On coucha Mary, après minuit, ce jour-là, dans le cabinet de toilette de madame Corcette où on avait dressé un petit lit bleu et blanc très coquet. Elle oublia de faire sa prière tant le sommeil lui mettait de poudre aux yeux. Le lendemain, elle vit entrer chez elle une merveilleuse magicienne vêtue de toutes les couleurs de l’arc-en-ciel avec un bonnet pointu sur la tête et enveloppée d’un voile transparent. C’était madame Corcette qui avait mis un de ses costumes de bal masqué. Mary ne la reconnaissait pas et avait un peu peur.

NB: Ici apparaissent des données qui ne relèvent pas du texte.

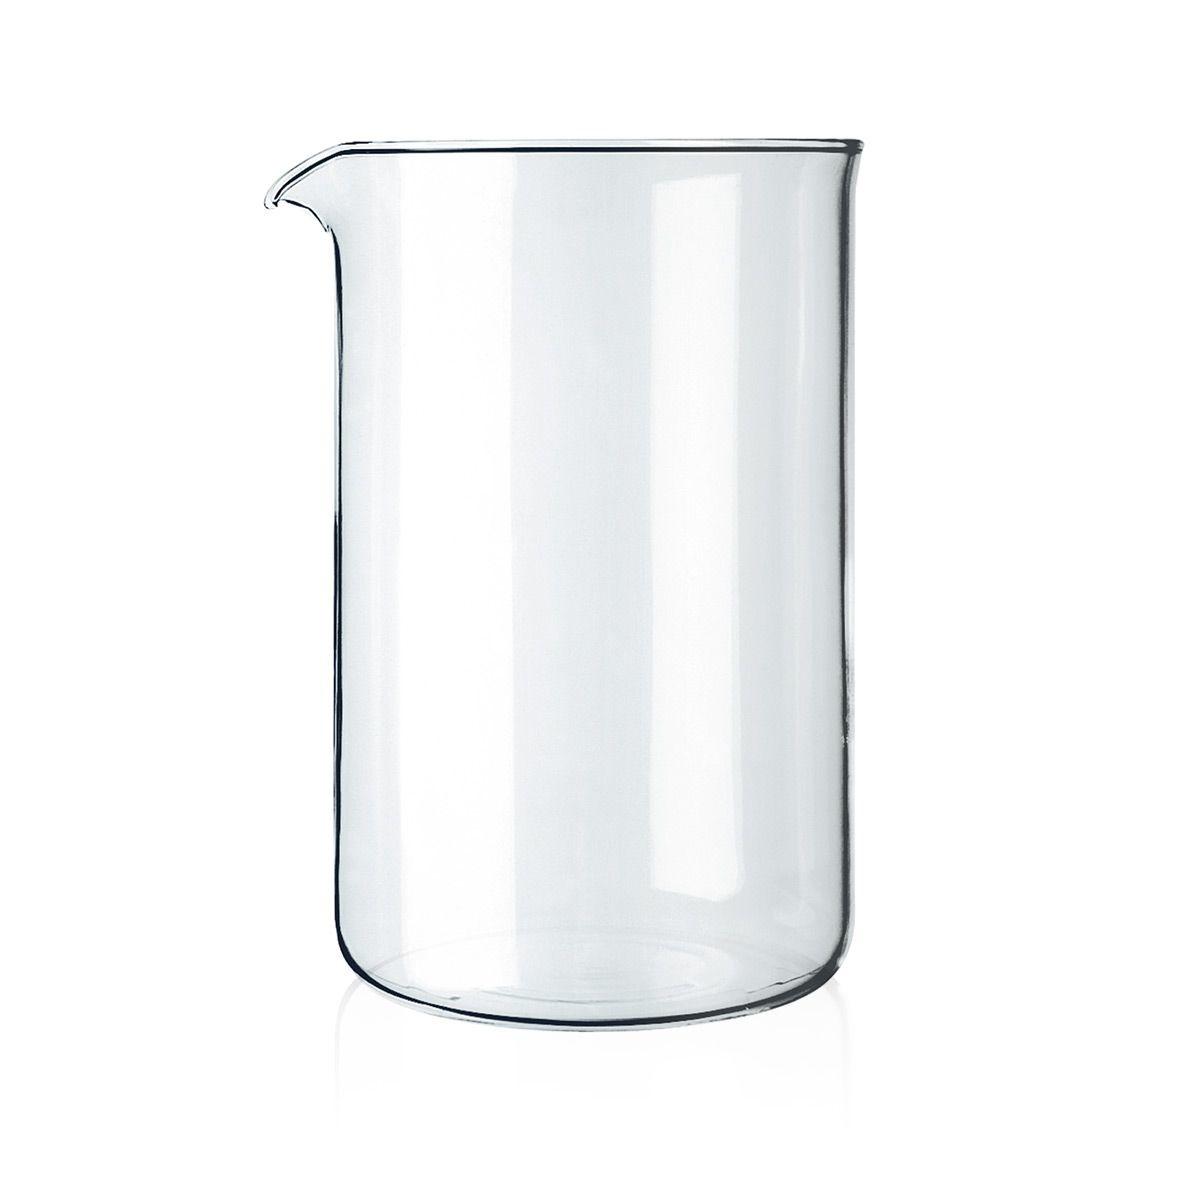 BOD 12C SPARE GLASS-1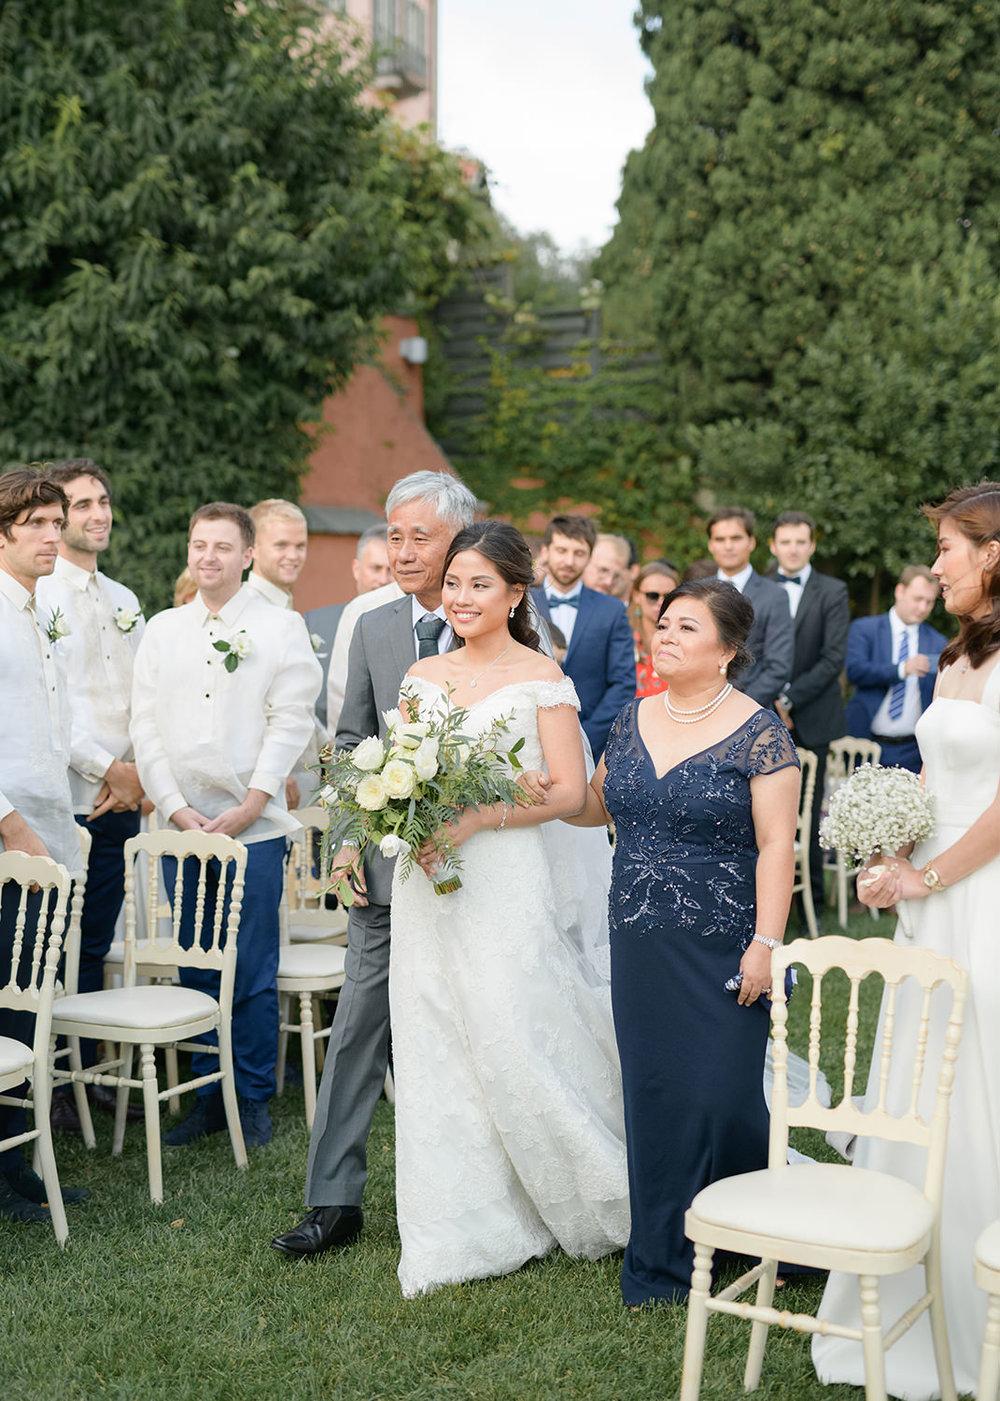 villa-regina-teodolinda-wedding-photographer-C&B-©bottega53-57.JPG

— Je vous déclare, Mademoiselle Mary, disait la voix du capitaine caché derrière une porte, que si vous êtes sage, vous irez en voiture avec une foule de gentilshommes bien disposés à votre égard. Puis la magicienne se sauva laissant son voile aux bras de l’enfant abasourdie.

Manette vint habiller Mary, et comme elle ne parlait pas de cette aventure, celle-ci lui dit :

— Vous avez vu la dame, vous ?

— Quelle dame ?

— Une fée… ou bien, ajouta la fillette moins crédule qu’à cinq ans… ou bien une dame dans un costume de fée !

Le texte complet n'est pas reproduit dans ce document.